Natalie arched her own eyebrows at that. Now, of all the things he could have said, why that? Why the reference to sleeping with the fishes? Why hadn’t he said something like, You look worried. Like maybe you think she’s in trouble. Or Like maybe you think she’s lying dead in a ditch somewhere. Or even Like maybe you think she’s been abducted by aliens who’ve dropped her in the Bermuda Triangle along with Elvis and Amelia Earhart and that World War II squadron they never found. Anything would have made more sense than that sleeping with the fishes reference.

Unless, of course, he was connected.

No, Natalie told herself firmly. That wasn’t it at all. He was just making a joke. A little Mob humor? she wondered. No, just a joke, she immediately assured herself.

“No, it’s not that,” she said. “I’m sure there’s nothing to worry about. She and I usually have breakfast together, that’s all, and it’s odd that she didn’t tell me she needed to go out this morning. But you know, you can just never really tell with Mrs. Klosterman.”

Jack nodded. “Well then, since she’s not here to have breakfast with you, how about I take her place?”

This time it was Natalie’s turn to be surprised. Not just because of his offer, but because of the natural way he made it. Like he thought she wouldn’t be surprised that he would want to have breakfast with her. So what could she do but pretend she wasn’t surprised at all?

“Sure,” she said, hoping that wasn’t a squeak she heard in her voice. “Fine,” she added, thinking that might be a squeak she heard in her voice. “Tea?” she asked, noting a definite squeak in her voice.

Jack grinned. “Actually, I’m more of a coffee drinker. But that’s okay. Mrs. K put a pot on for me before she left.”

Natalie nodded dumbly, just now noticing the aroma of coffee in the air.

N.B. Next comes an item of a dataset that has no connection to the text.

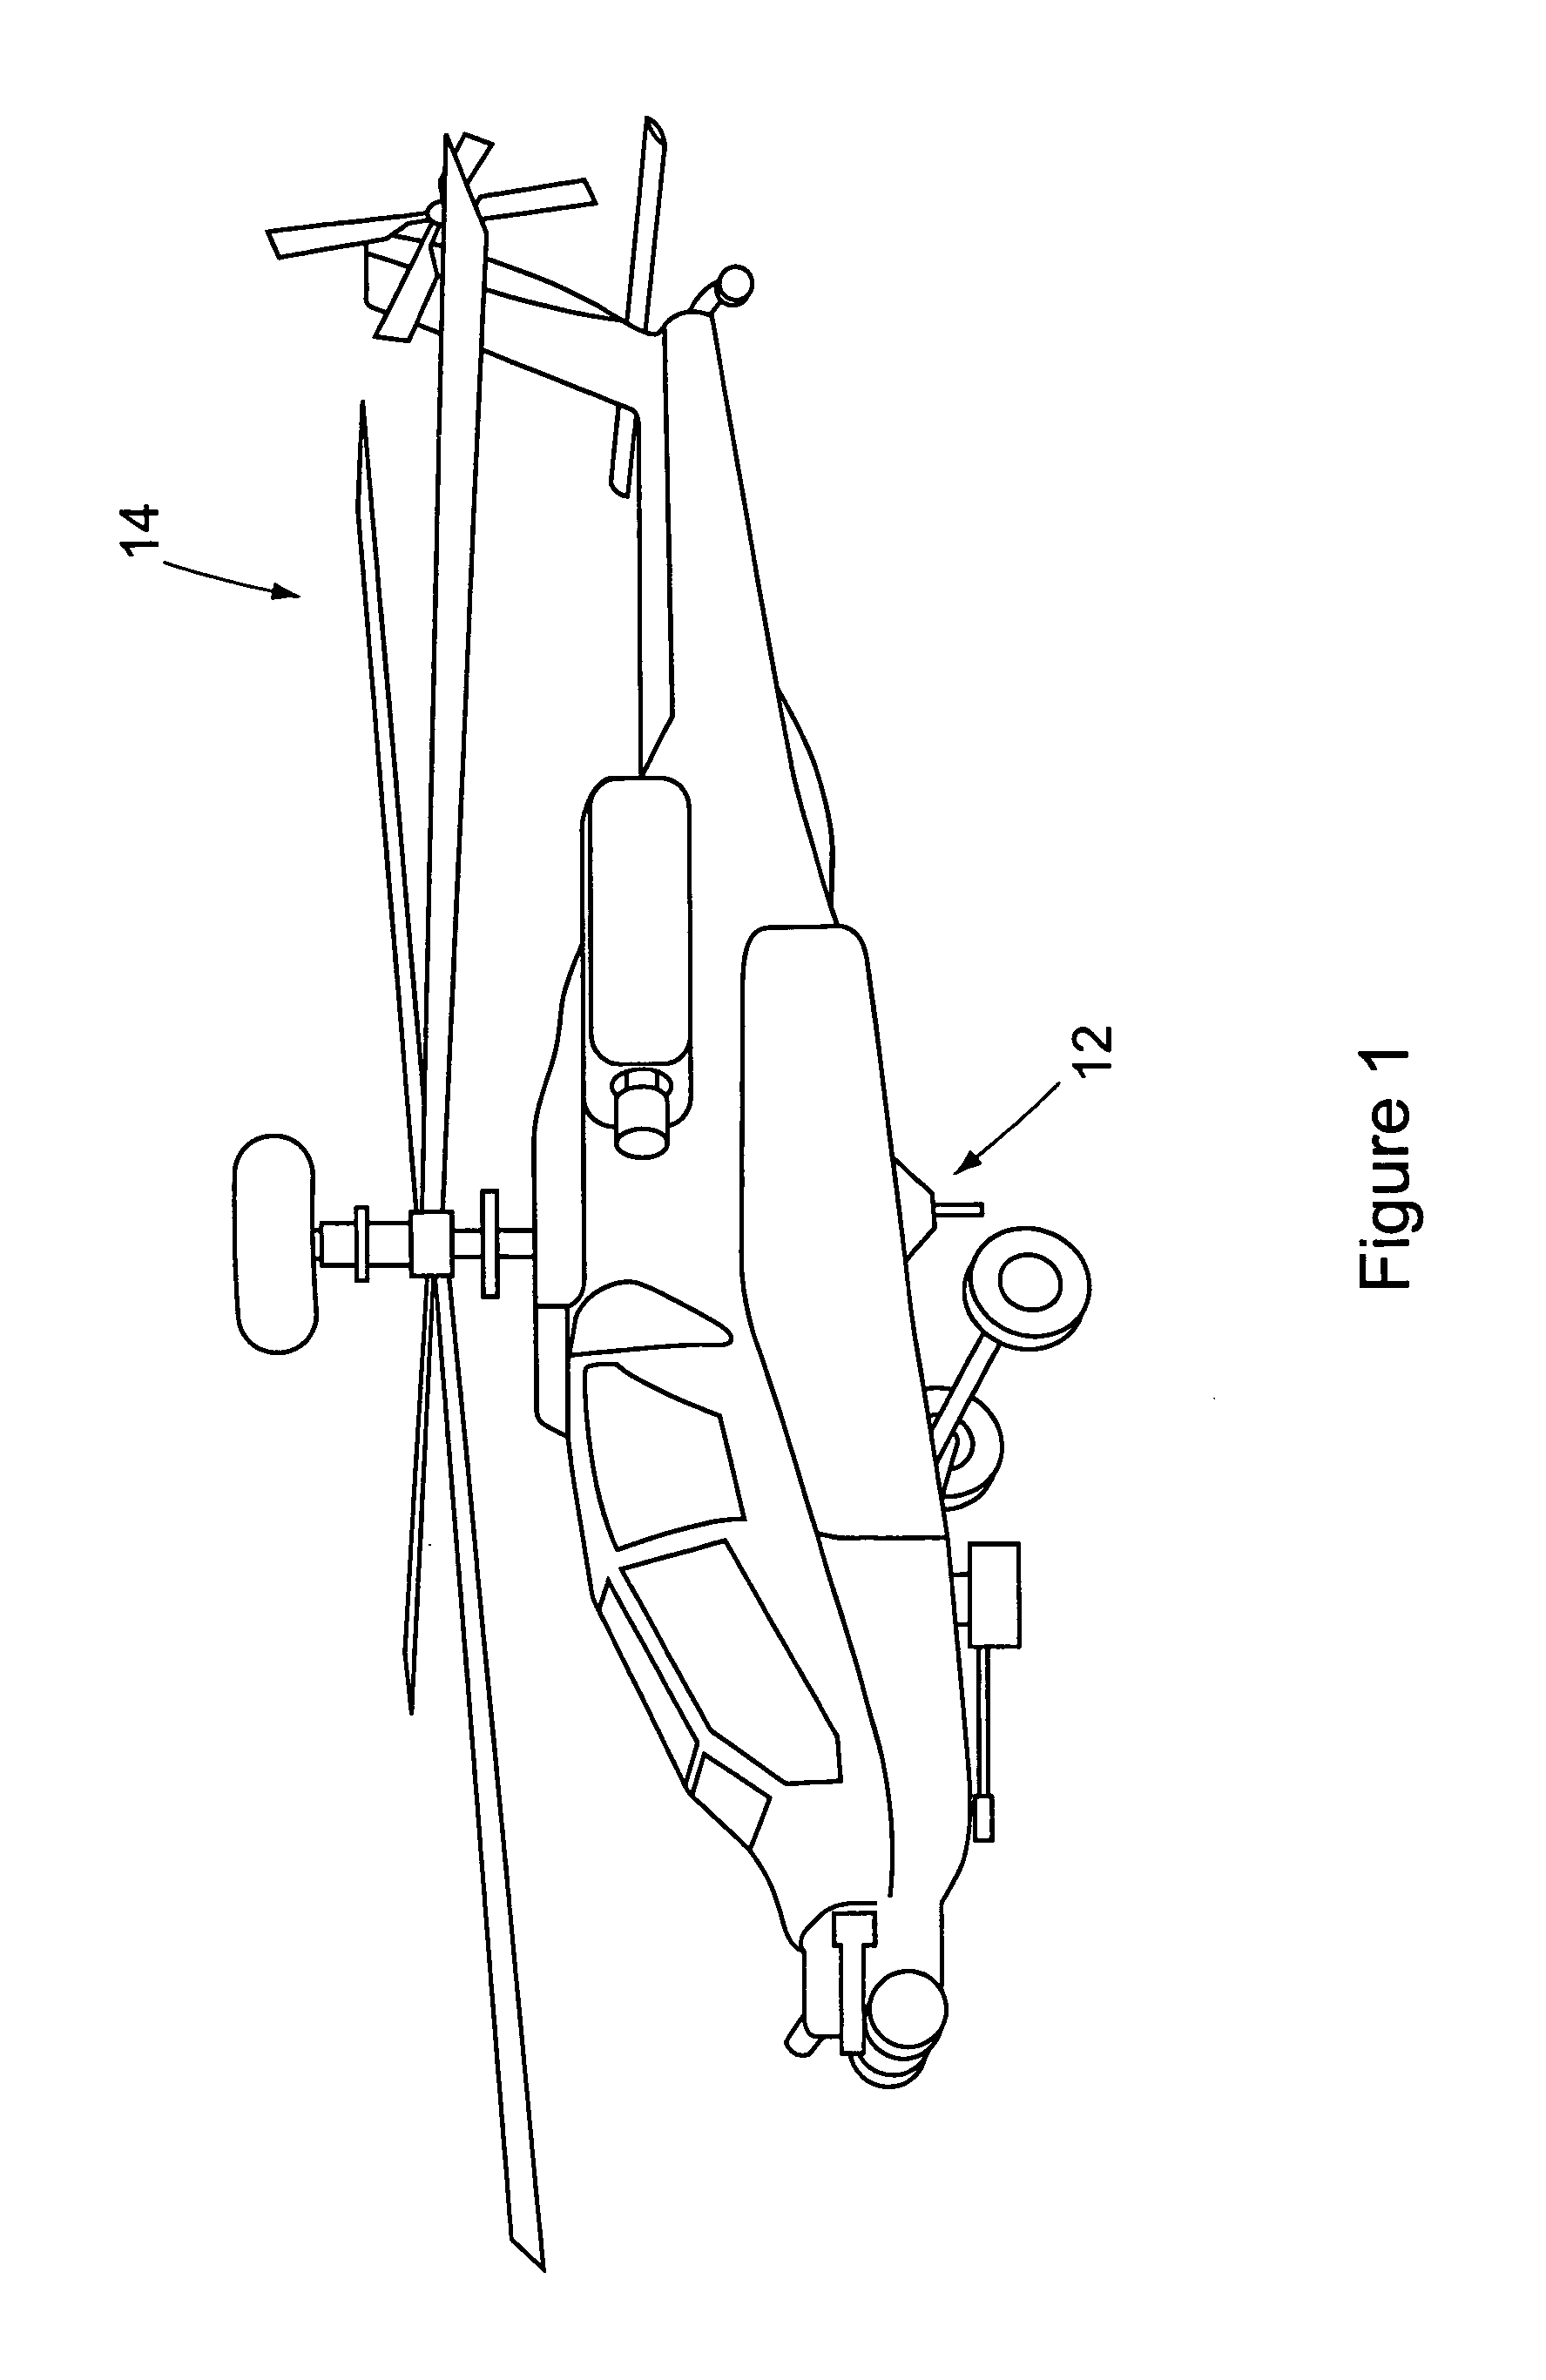 Landing assist apparatus with offset landing probe

Probably she hadn’t noticed it before because she’d been too busy noticing, you know, how handsome Jack was, and the way his shirt was only halfway buttoned, and how the chest beneath was matted with dark hair, and—

Well. Suffice it to say she probably hadn’t noticed it before now because she’d had her mind on other things.

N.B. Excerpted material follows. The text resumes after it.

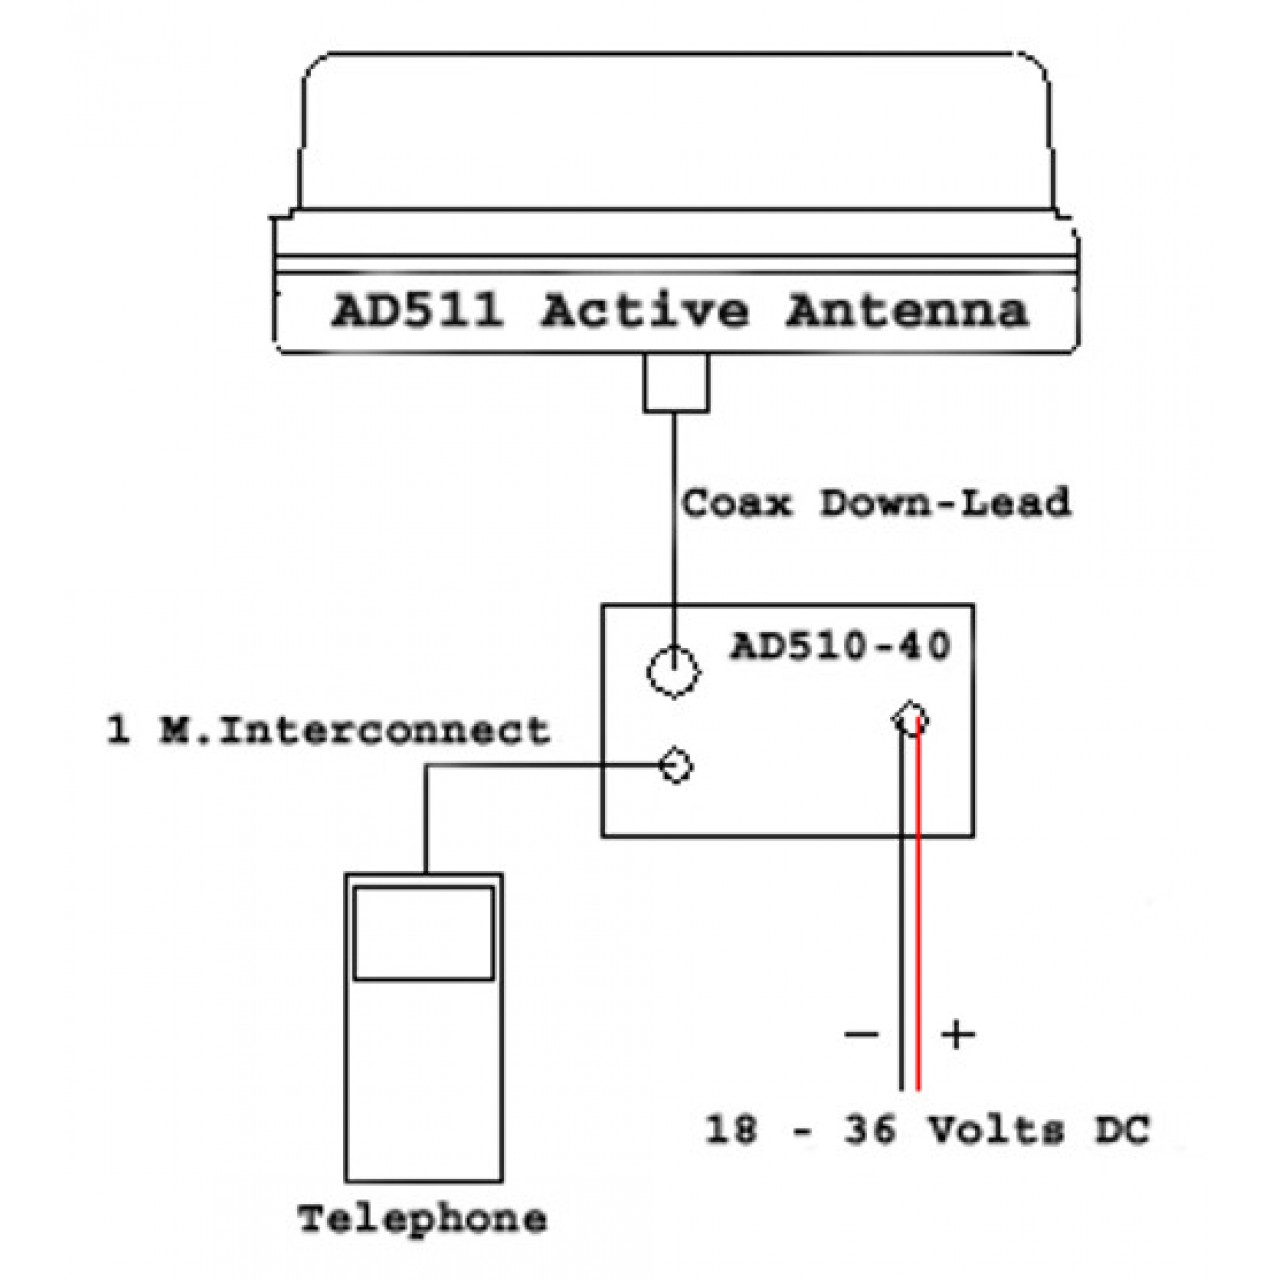 AH-AD511 Antennas - ICOM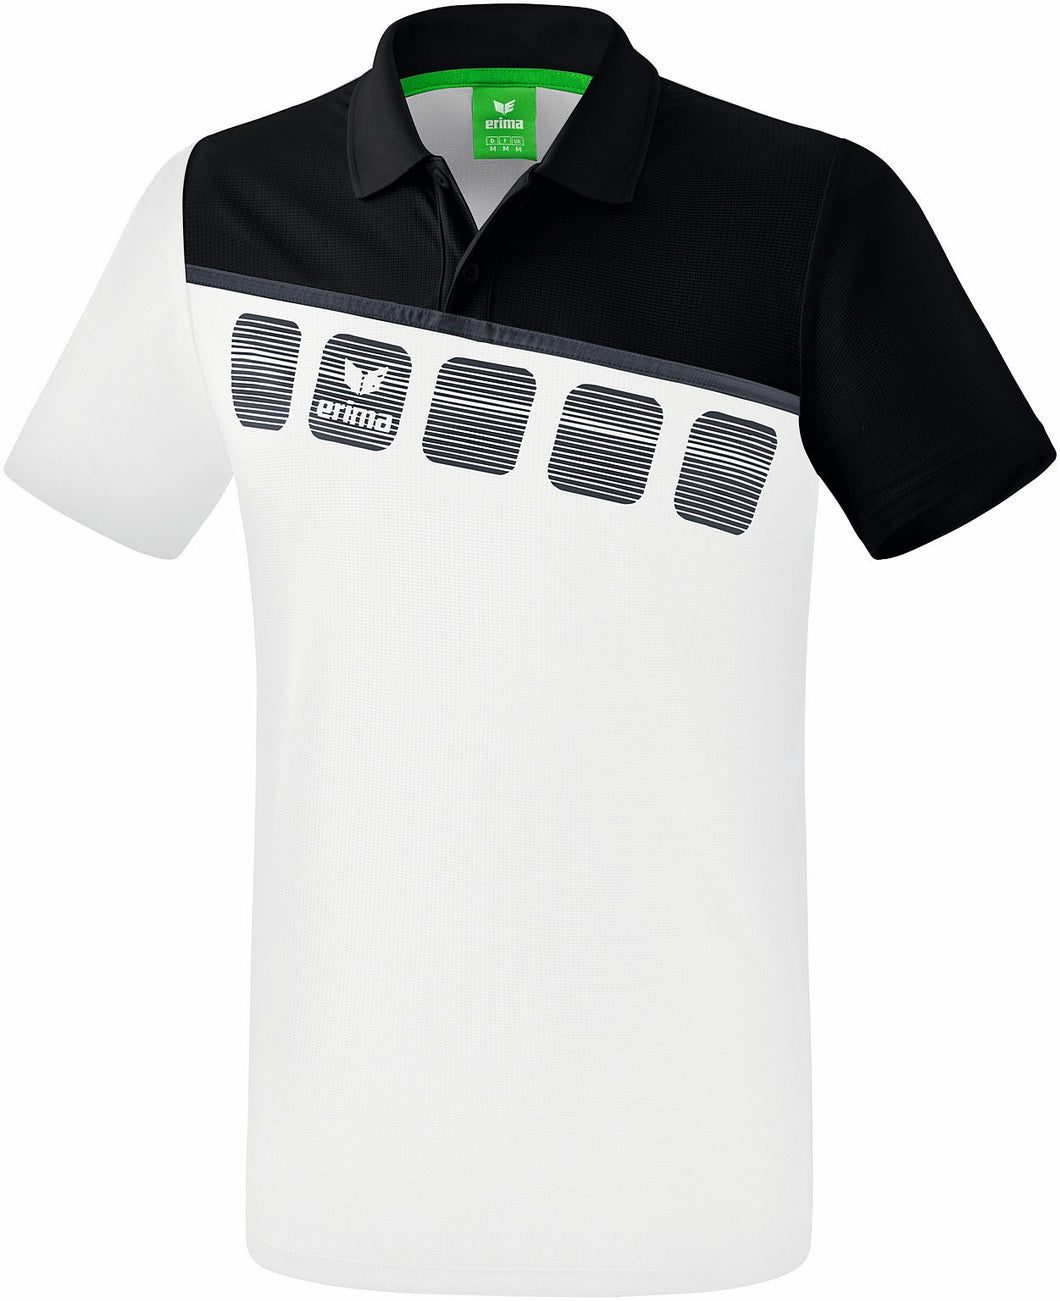 Teamline 5-C polo-shirt

She watched as Jack heaved himself up to standing, tossed the wrench into the sink with a clatter, then crossed the kitchen to pour himself a cup of coffee. And why each of those actions, which should have been totally uninteresting, should fascinate her so much was something Natalie decided not to ponder. But the way the man moved…Mmm, mmm, mmm. There was a smoothness and poetry to his manner that belied the ruggedness of his appearance, as if he were utterly confident in and thoroughly comfortable with himself. Natalie couldn’t imagine what that must be like. She constantly second-guessed herself and she never moved smoothly.

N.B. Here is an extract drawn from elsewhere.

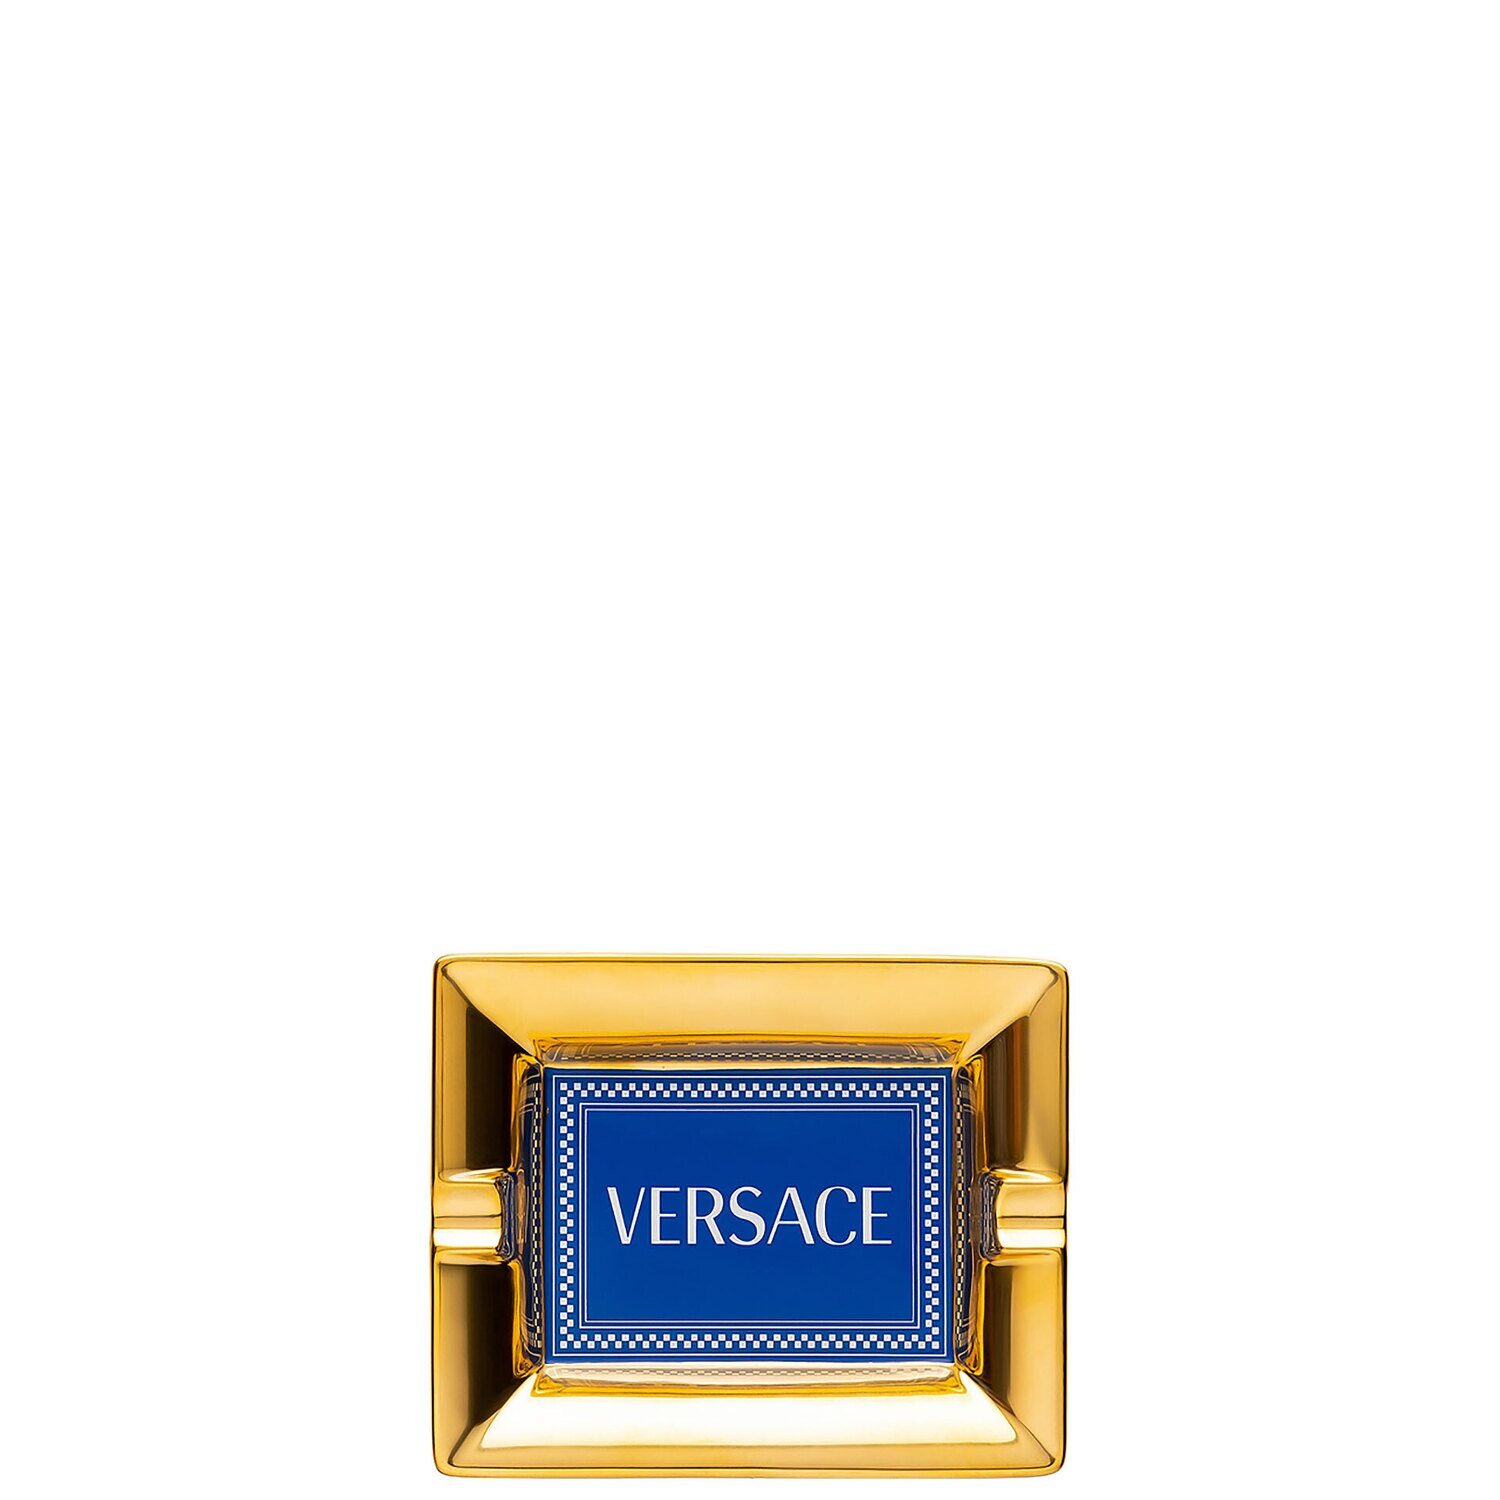 Versace Medusa Rhapsody Blue Ashtray 5 Inch

Probably she put too much thought into just about everything, but she didn’t know any other way to be. Jack Miller, on the other hand, didn’t seem the type to waste time wondering if what he was doing was the right thing. Or the smart thing. Or the graceful thing. Or the anything else thing. He just did what came naturally, obviously convinced it was the right, smart, graceful or anything else thing to do. And from where Natalie was sitting, he did his thing very, very well. There was something extremely sexy about a man who was confident in and content with himself and who didn’t feel obligated to make an impression on anyone.